**TASK TO COMPLETE**
The data below should be transcribed in full, with no picture included.

BEGIN DATASET CONTENT

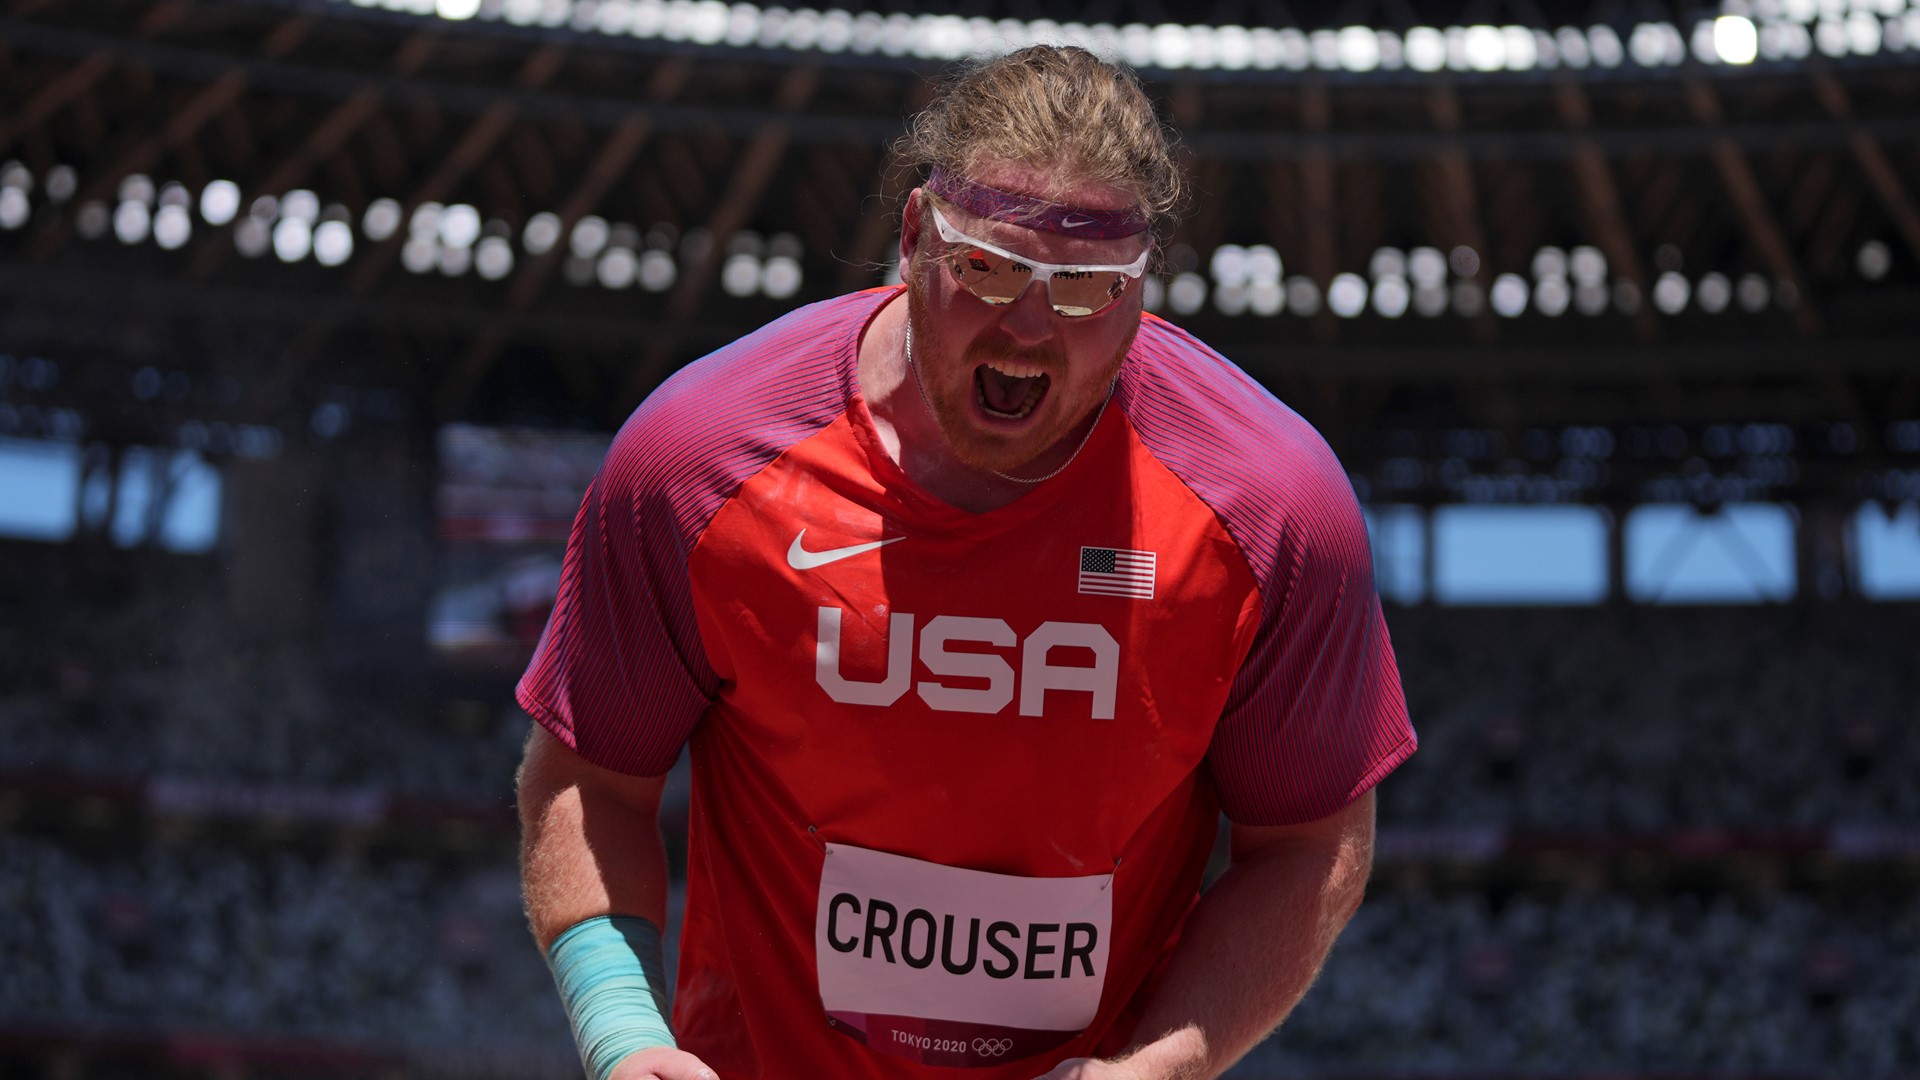 American Ryan Crouser set another Olympic record for shot put gold, but the U.S. men's relay team suffered another failure in a major track event.
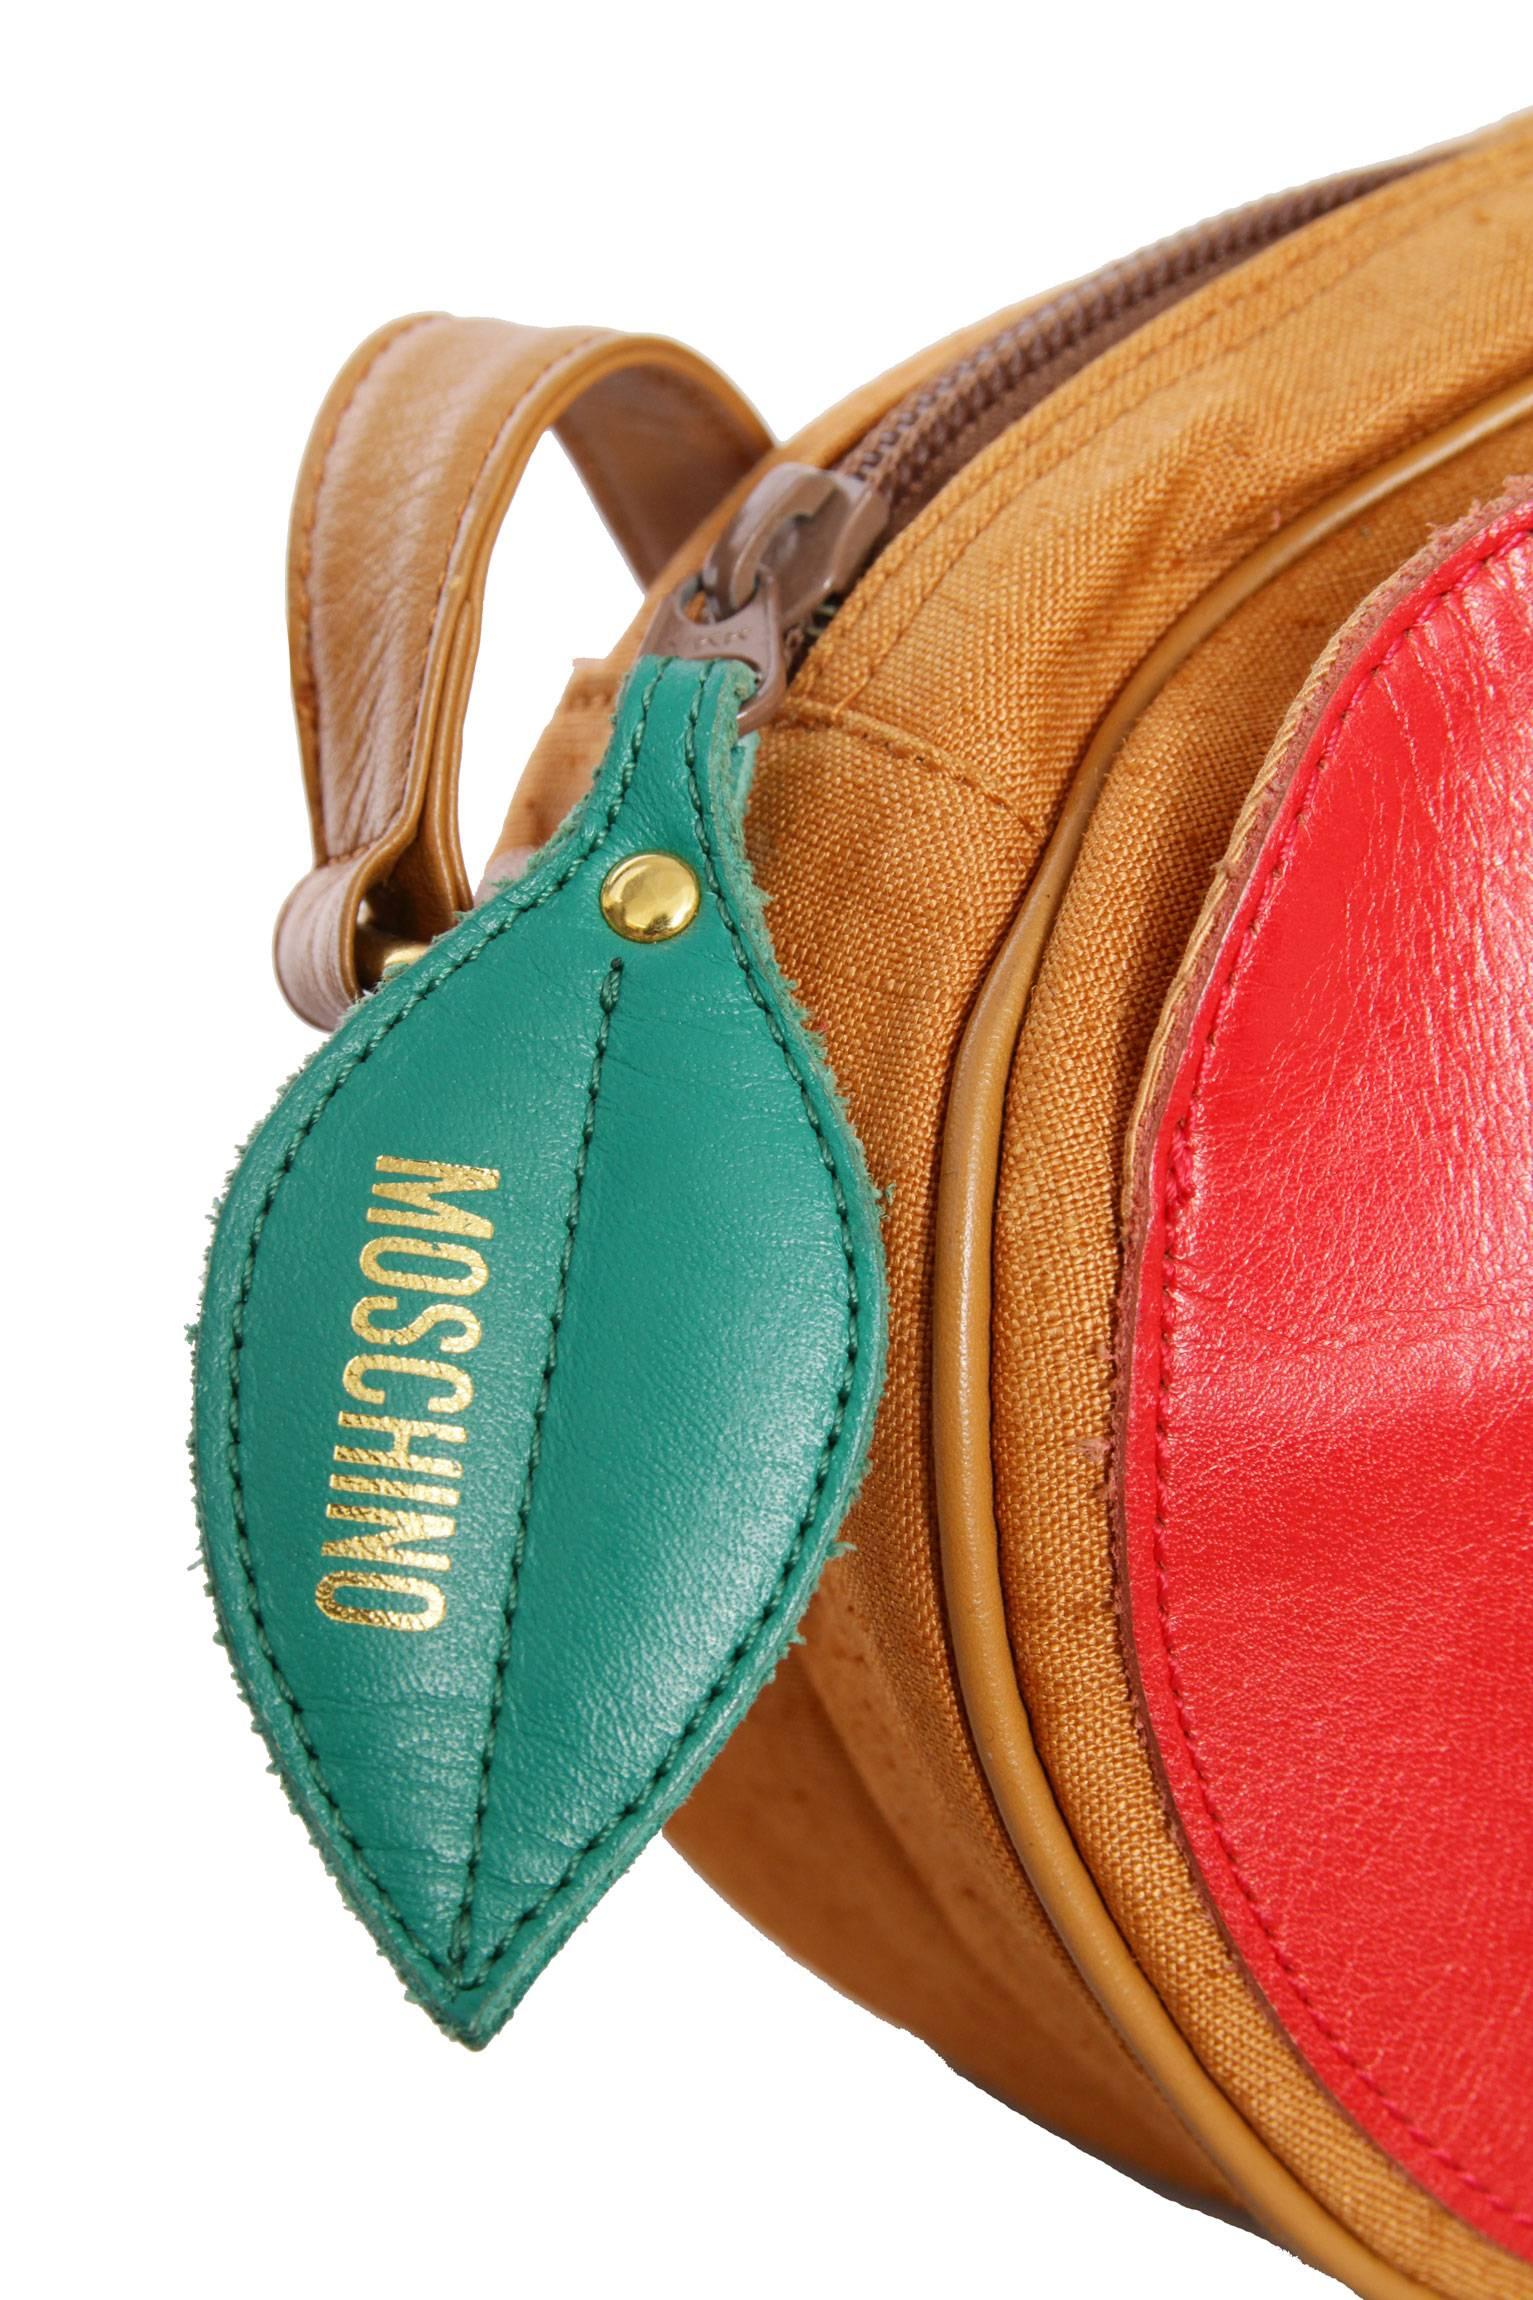 A quirky 1980s Moschino cross body pear shaped shoulder bag made in a light brown colored canvas and a leather strap. The bag has gold hardware and a large green leaf detail attached to the zipper closure, both have been stamped: Moschino.
Inside
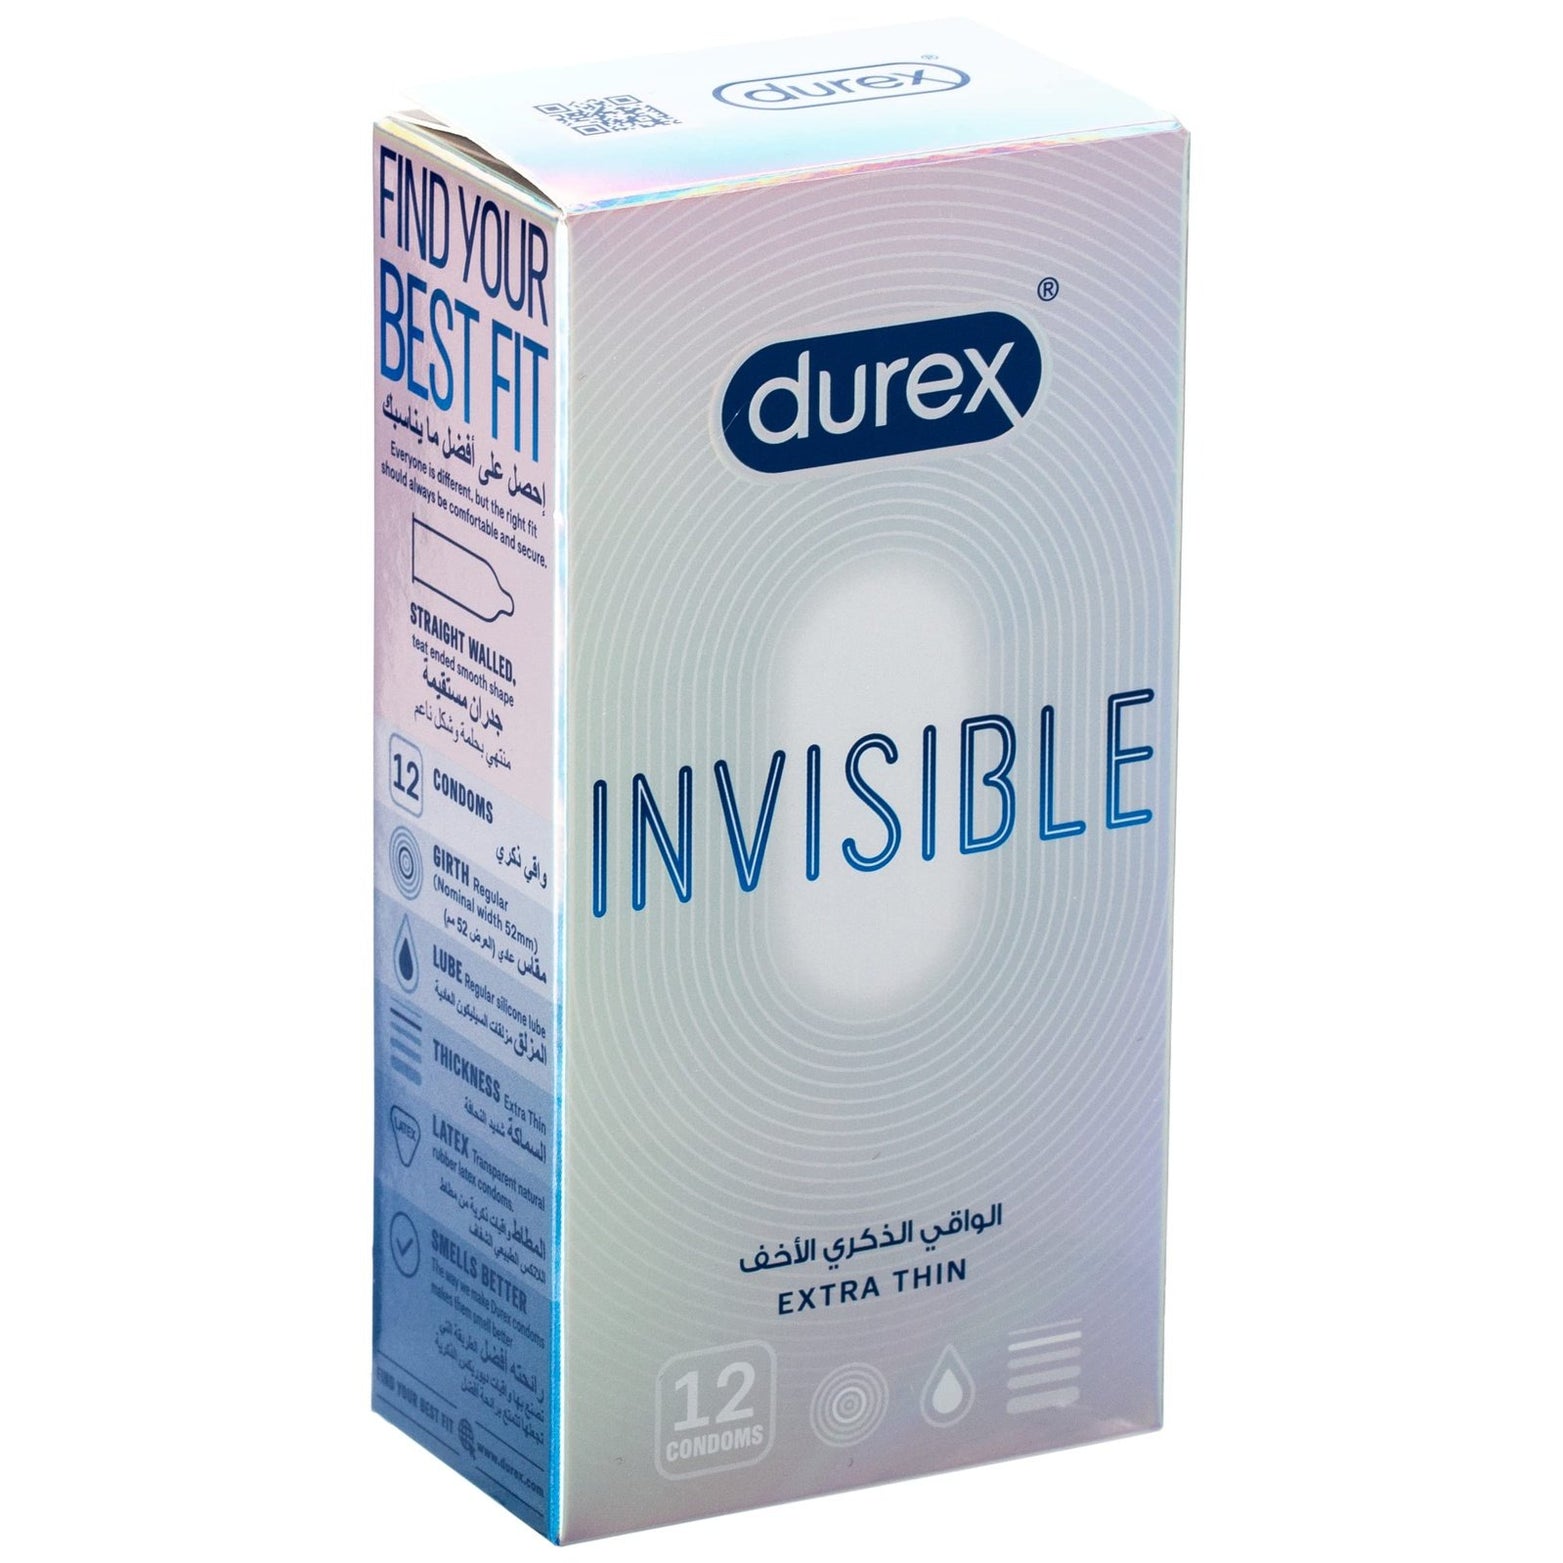 Durex Invisible Extra Thin Condom - Pack Of 12 - Med7 Online

END DATASET CONTENT

**RESULT BELOW**
 American Ryan Crouser set another Olympic record for shot put gold, but the U.S. men's relay team suffered another failure in a major track event.
 A quirky 1980s Moschino cross body pear shaped shoulder bag made in a light brown colored canvas and a leather strap. The bag has gold hardware and a large green leaf detail attached to the zipper closure, both have been stamped: Moschino.
Inside
 Durex Invisible Extra Thin Condom - Pack Of 12 - Med7 Online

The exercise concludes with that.